Il détiendrait la totalité des compétences qui étaient transférées aux établissements préexistants et devrait exercer, dès la fusion, les compétences obligatoires et optionnelles sur l'ensemble de son territoire. En revanche, à titre transitoire et pour une période de deux ans suivant la fusion, les autres compétences transférées pourraient n'être exercées que sur la partie du territoire de l'établissement sur laquelle elles étaient mises en oeuvre avant la fusion. A l'issue de cette période, elles devraient être soit exercées sur l'ensemble du territoire intercommunal soit restituées aux communes.

Cette souplesse a pour objet d'éviter de rendre la procédure de fusion dissuasive pour les établissements publics de coopération intercommunale susceptibles de s'y engager.

L'ensemble des biens, droits et obligations des établissements publics de coopération intercommunale fusionnés seraient transférés au nouvel établissement. Les compétences des communes lui seraient transférées dans les mêmes conditions financières et patrimoniales que celles prévues en cas de transfert de compétences nouvelles des communes aux établissements publics de coopération intercommunale dont elles sont membres.

Les personnels relèveraient de l'établissement public issu de la fusion dans les conditions de statut et d'emploi antérieures à la fusion.

L'établissement public issu de la fusion serait substitué de plein droit, pour l'exercice de ses compétences, aux anciens établissements publics et, le cas échéant, aux communes incluses dans son périmètre dans toutes leurs délibérations et tous leurs actes.

Il est également prévu, d'une part, que les contrats seraient exécutés dans les conditions antérieures jusqu'à leur échéance, sauf accord contraire des parties, d'autre part, que la substitution de personne morale aux contrats conclus par les établissements publics de coopération intercommunale et les communes n'entraînerait aucun droit à résiliation ou à indemnisation pour les cocontractants. Ces derniers devraient simplement être informés de la substitution de personne morale par l'établissement public issu de la fusion.
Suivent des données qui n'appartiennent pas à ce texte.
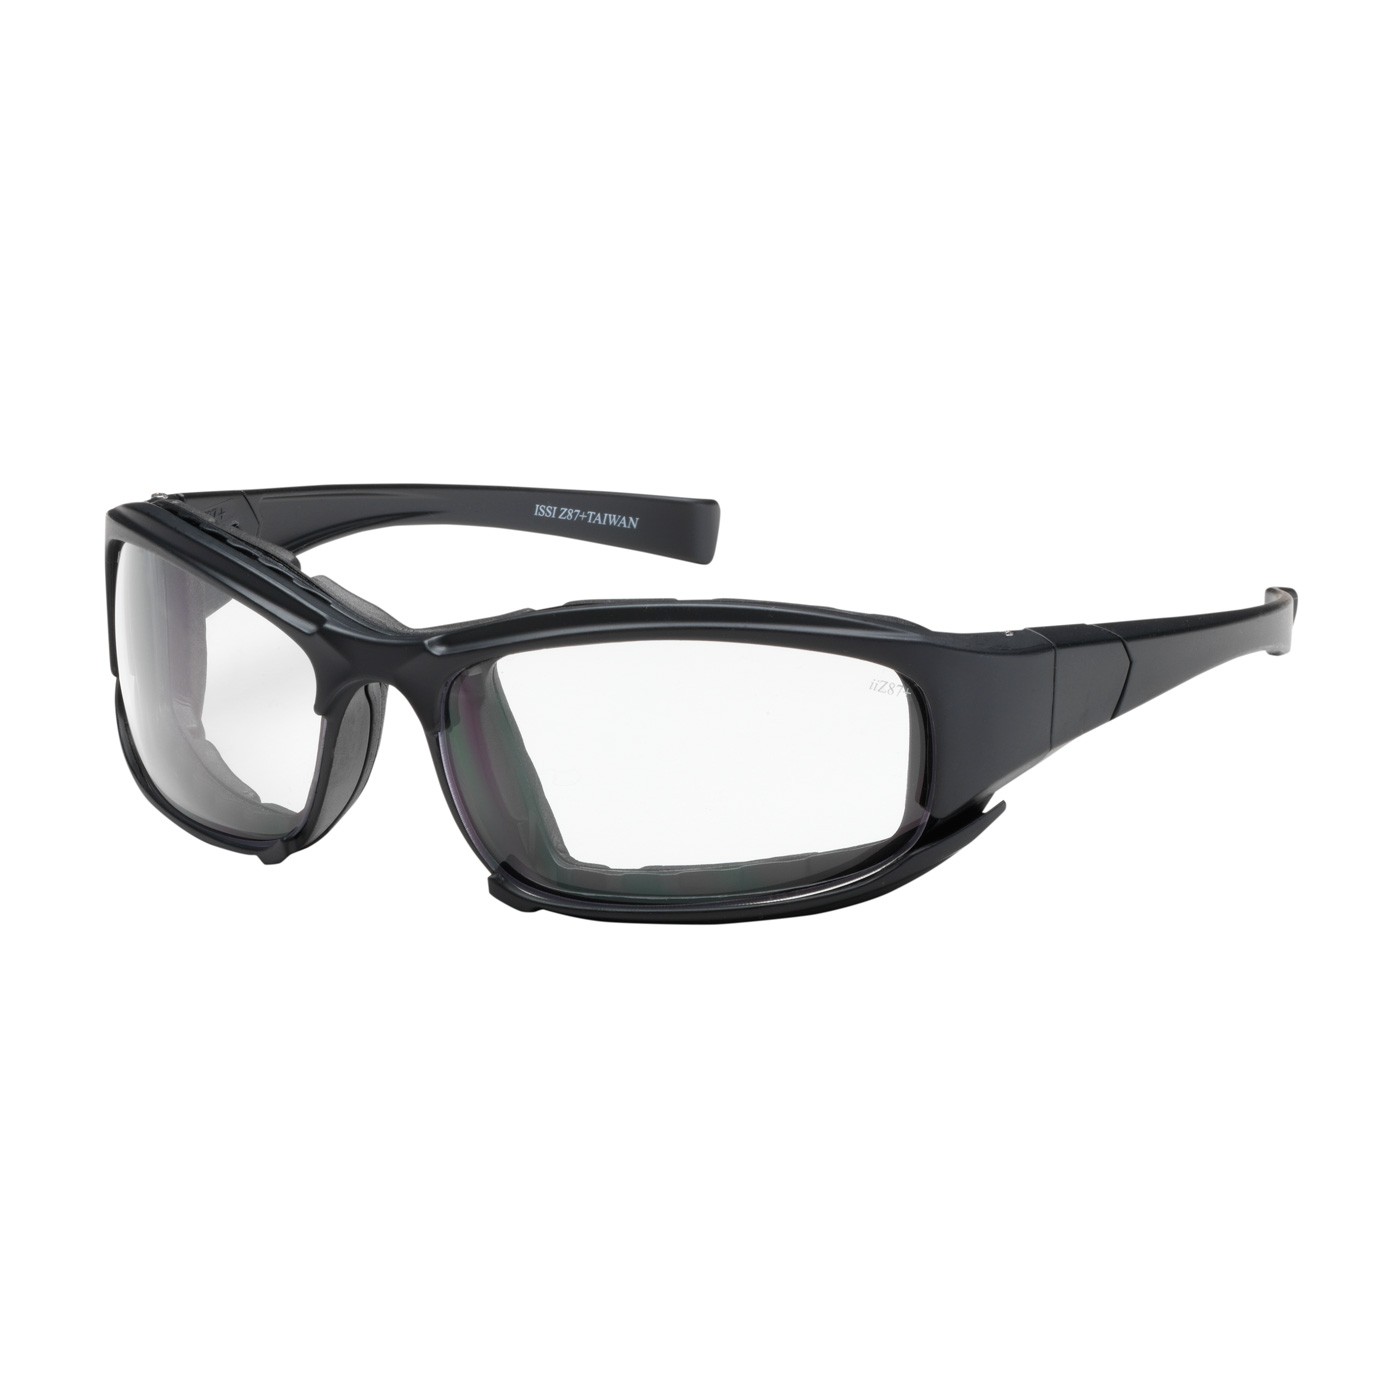 Cefiro™ Full Frame Safety Glasses with Black Frame, Rubber Foam Padding, Clear Lens and Anti-Scratch / Anti-Fog Coating  (#250-CE-10090)
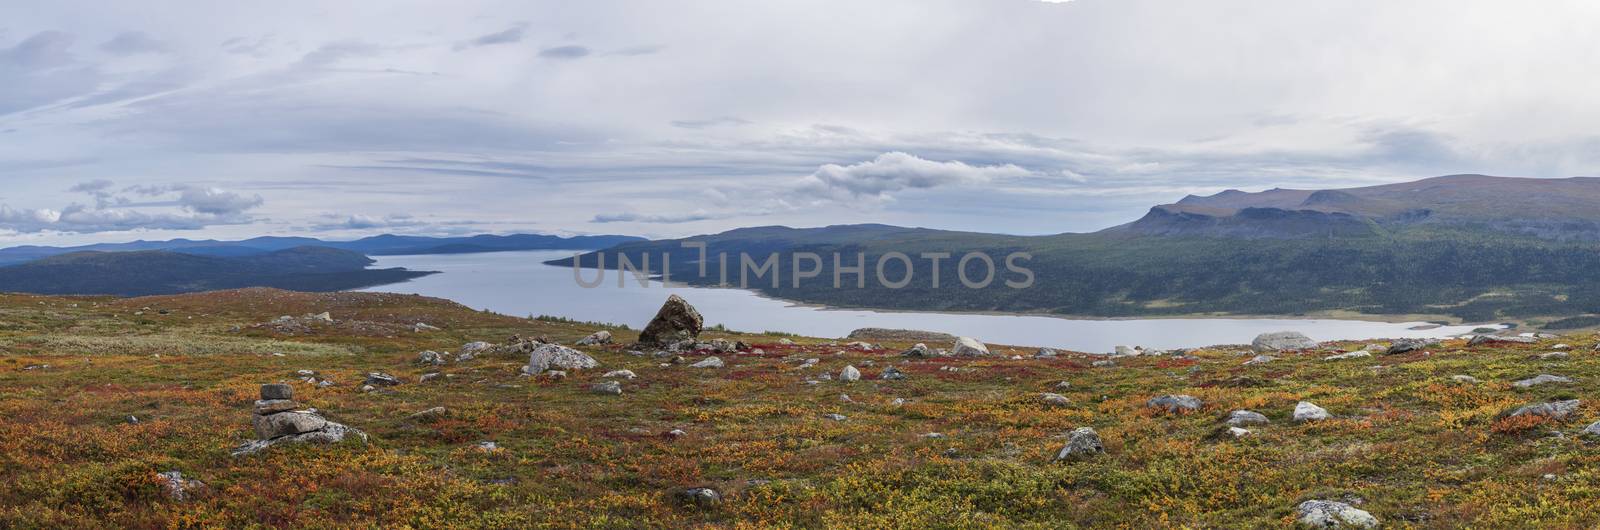 Panoramic landscape of wild nature in Sarek national park in Sweden Lapland with snow capped mountain peaks, river and lake, birch and spruce tree forest. Early autumn colors, blue sky white clouds

Enfin, la fusion d'établissements publics serait effectuée à titre gratuit et ne donnerait lieu au paiement d'aucune indemnité, droit, taxe, salaire ou honoraire.

Le quatrième et dernier paragraphe (IV) du texte proposé pour insérer un article L. 5211-41-3 dans le code général des collectivités territoriales prévoit que la fusion entraînerait une nouvelle élection des délégués des communes au conseil de l'établissement public.

2. Les conséquences financières de la fusion

Le second paragraphe (II) du présent article tend à insérer un article L. 5211-32-1 dans le code général des collectivités territoriales, afin de préciser les modalités de calcul de la dotation d'intercommunalité due aux établissements publics de coopération intercommunale à fiscalité propre issus d'une fusion.

Le coefficient d'intégration fiscale retenu pour le calcul de la dotation d'intercommunalité attribuée, au titre de la première année, à une communauté de communes ou à une communauté d'agglomération issue d'une fusion serait celui de l'établissement préexistant ayant le coefficient d'intégration fiscale le plus élevé l'année précédant la fusion. Les attributions des communautés de communes issues d'une fusion ne subiraient pas d'abattement de 50 %.

De la même façon, pour le calcul des garanties la première année, la dotation à prendre en compte au titre de l'année précédente serait celle de l'établissement public de coopération intercommunale à fiscalité propre préexistant ayant la dotation par habitant la plus élevée.

S'agissant des communautés urbaines ayant fusionné avec d'autres établissements publics de coopération intercommunale, leur dotation d'intercommunalité serait calculée en retenant la dotation par habitant la plus élevée parmi les établissements préexistants.

Votre commission des Lois vous soumet cinq amendements de précisions et vous propose d'adopter l'article 103 ainsi modifié.

* 193 Article L. 5211-5 du code général des collectivités territoriales.

* 194 Rapport du groupe de travail présidé par M. Dominique Schmitt sur la mise en cohérence des trois textes relatifs à l'intercommunalité, à l'aménagement du territoire et à la solidarité et au renouvellement urbains, décembre 2002, page 5.